The broader concept is processing fluency– the ease with which information is processed. In general, people are more likely to judge a statement to be true if it’s easy to process. This is the illusory truth effect– we judge truth based on ease-of-processing rather than objective reality.

It follows that we can manipulate judgment by manipulating processing fluency. Highly fluent information (low cognitive cost) is more likely to be judged true.

We can manipulate processing fluency simply by changing fonts. Information presented in easy-to-read fonts is more likely to be judged true than is information presented in more challenging fonts. (We might surmise that the new Sans Forgetica font has an important effect on processing fluency).

We can also manipulate processing fluency by repeating information. If we’ve seen or heard the information before, it’s easier to process and more likely to be judged true. This is especially the case when we have no prior knowledge about the information.
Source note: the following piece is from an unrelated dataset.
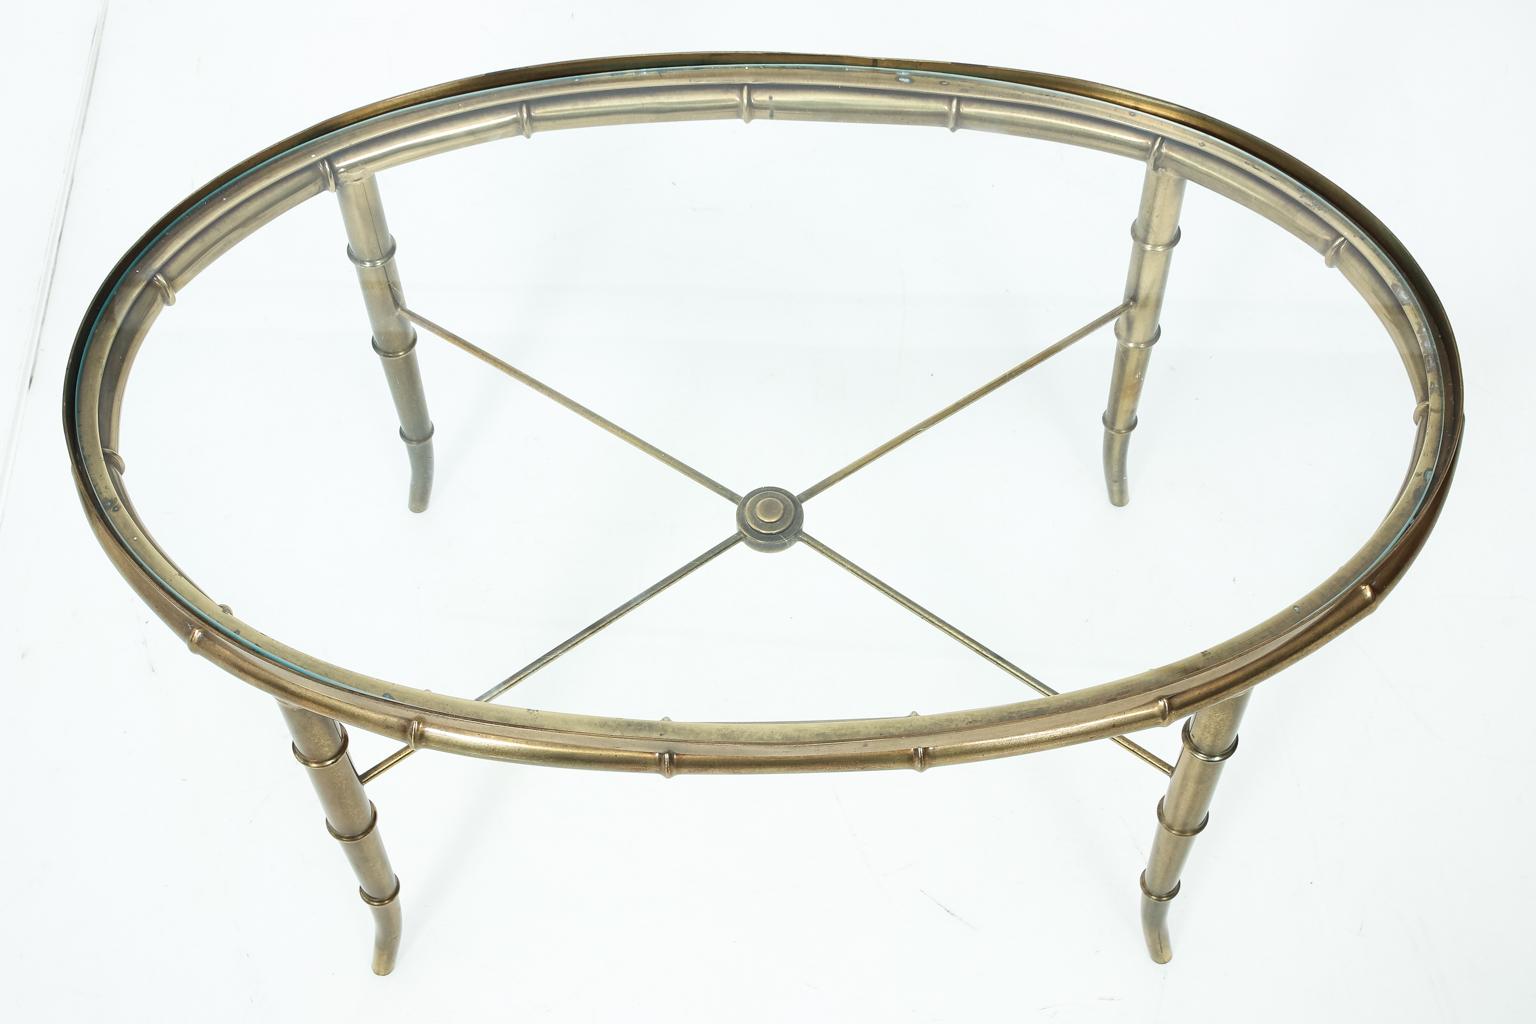 Oval brass table with glass top and bottom X-shaped cross stretcher, circa mid-20th century. Please note of wear consistent with age due to daily use seen on the legs.

But what if we do have prior knowledge? Will we search our memory banks to find it? Or will we evaluate truthfulness based on processing fluency? Does knowledge trump fluency or does fluency trump knowledge?

Knowledge-trumps-fluency is known as the Knowledge-Conditional Model. The opposite is the Fluency-Conditional Model. Until recently, many researchers assumed that people would default to the Knowledge-Conditional Model. If we knew something about the information presented, we would retrieve that knowledge and use it to judge the information’s truthfulness. We wouldn’t judge truthfulness based on fluency unless we had no prior knowledge about the information.
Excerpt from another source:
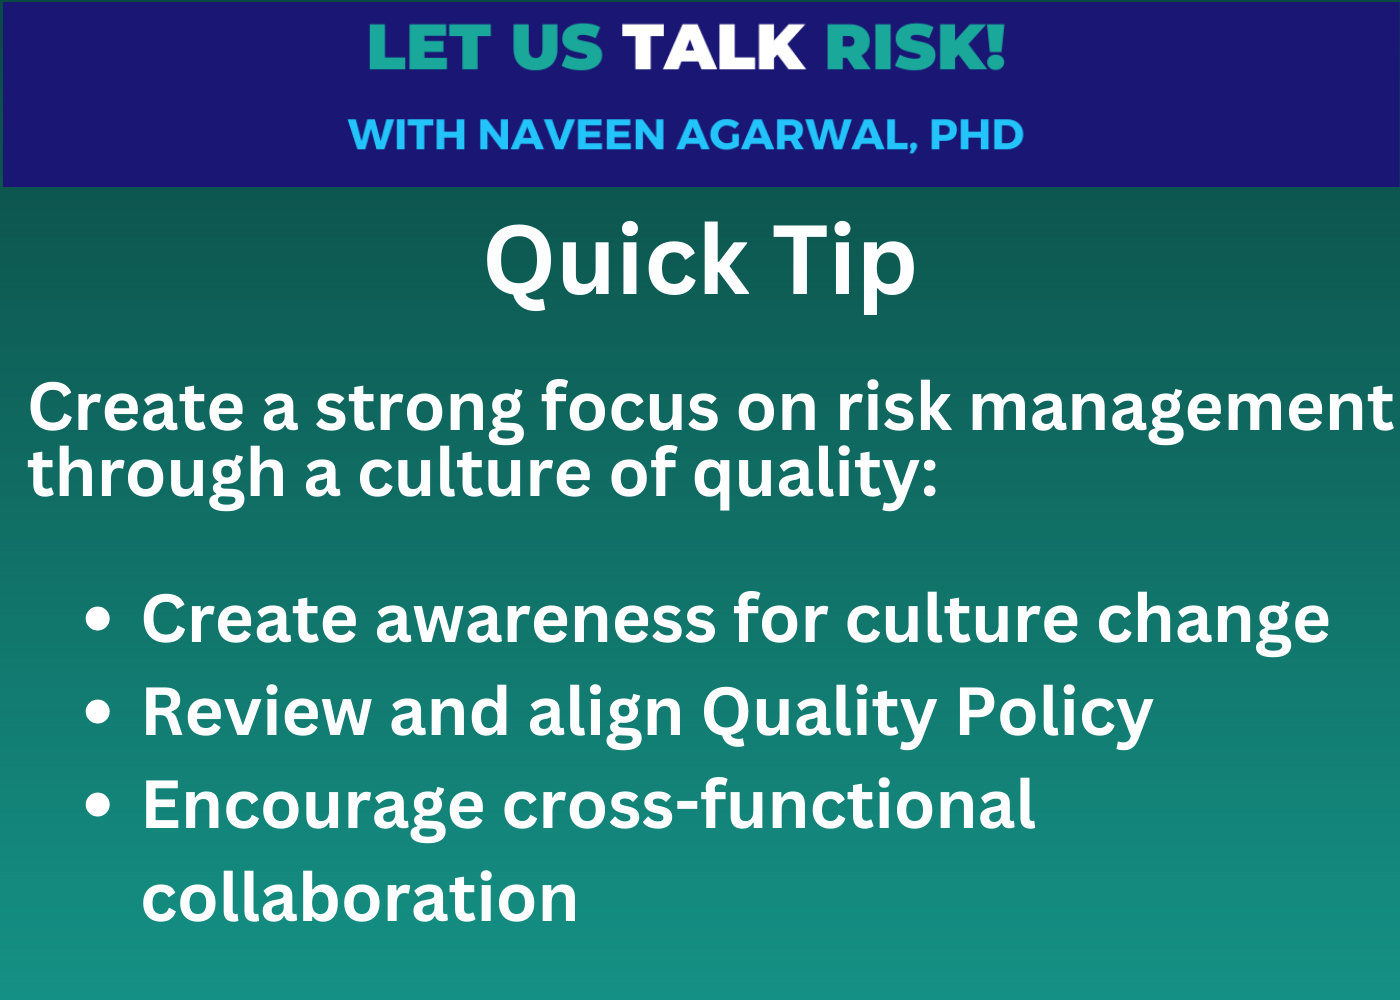 Quick tips for creating a quality culture

A 2015 study by Lisa Fazio et. al. starts to flip this assumption on its head. The article’s title summarizes the finding: “Knowledge Does Not Protect Against Illusory Truth”. The authors write that, “An abundance of empirical work demonstrates that fluency affects judgments of new information, but how does fluency influence the evaluation of information already stored in memory?”

The findings – based on two experiments with 40 students from Duke University – suggest that fluency trumps knowledge. Quoting from the study:

“Reading a statement like ‘A sari is the name of the short pleated skirt worn by Scots’ increased participants later belief that it was true, even if they could correctly answer the question, ‘What is the name of the short pleated skirt worn by Scots?’” (Emphasis added).

The researchers found similar examples of knowledge neglect– “the failure to appropriately apply stored knowledge” — throughout the study. In other words, just because we know something doesn’t mean that we use our knowledge effectively.

Note that knowledge neglect is similar to the many other cognitive biases that influence our judgment. It’s easy (“cognitively inexpensive”) and often leads us to the correct answer.  Just like other biases, however, it can also lead us astray. When it does, we are predictably irrational.